Although there are approximately 200 symptoms that have been associated with PMS, there are no symptoms that are unique to and diagnostic of PMS. Diagnosis of PMS depends on the temporal relationship between the symptoms and the days of menstruation. Diagnosing PMS is further complicated by the fact that some affective, behavioural and physical symptoms are not specific to PMS. For example, 40 to 60% of women who present for treatment for what they think is PMS were found to have generalised psychiatric or affective disorders3,4. Therefore, it is important to distinguish PMS from concomitant medical or psychiatric disorders.

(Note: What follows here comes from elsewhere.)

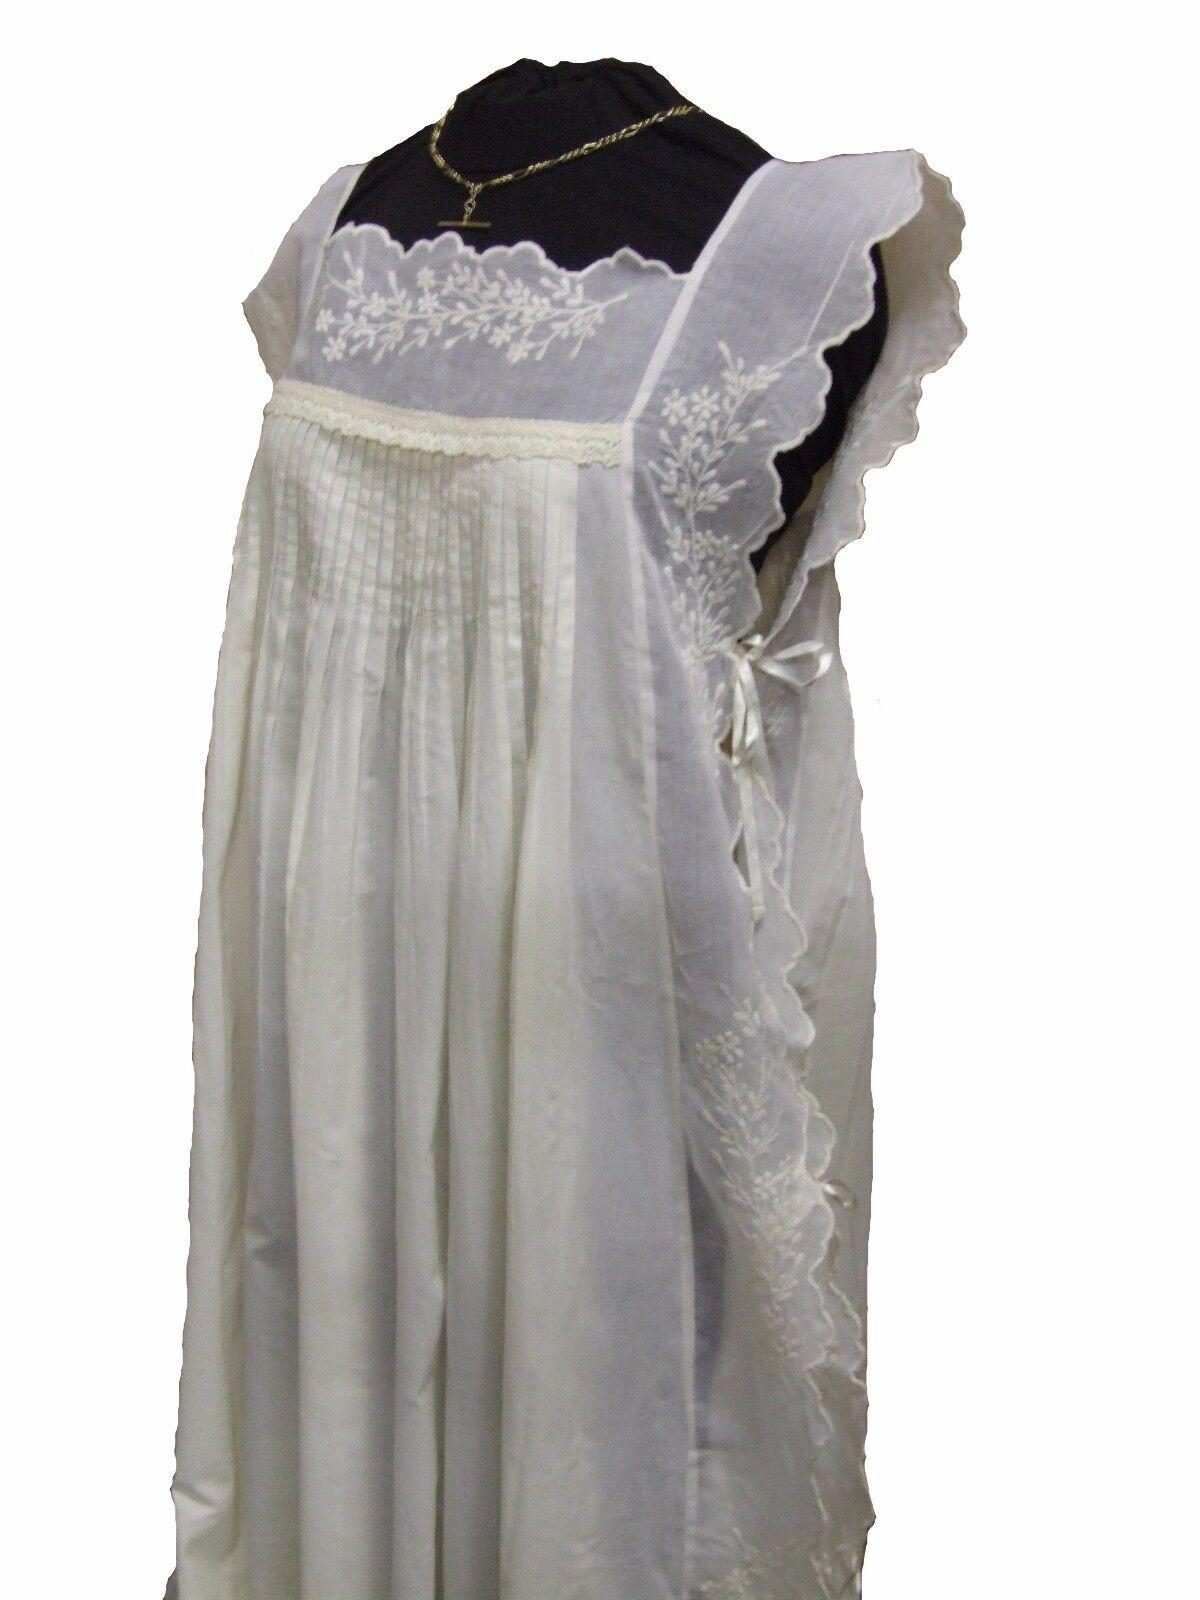 The Original Lace Co. England, Josephine Nightdress, Night Wear, Ivory,Menopause

A means for detecting chronic psychiatric disorders is the absence of at least one asymptomatic week in the mid-follicular phase of every menstrual cycle1. Given that retrospective recall is poor, the symptoms must be ascertained by prospective monitoring. Smith and Schiff5 and Mortola6 recommend that a preliminary diagnosis of PMS may be made from the prospective daily ratings of one menstrual cycle, but that a monitoring period of two menstrual cycles be used to confirm the diagnosis.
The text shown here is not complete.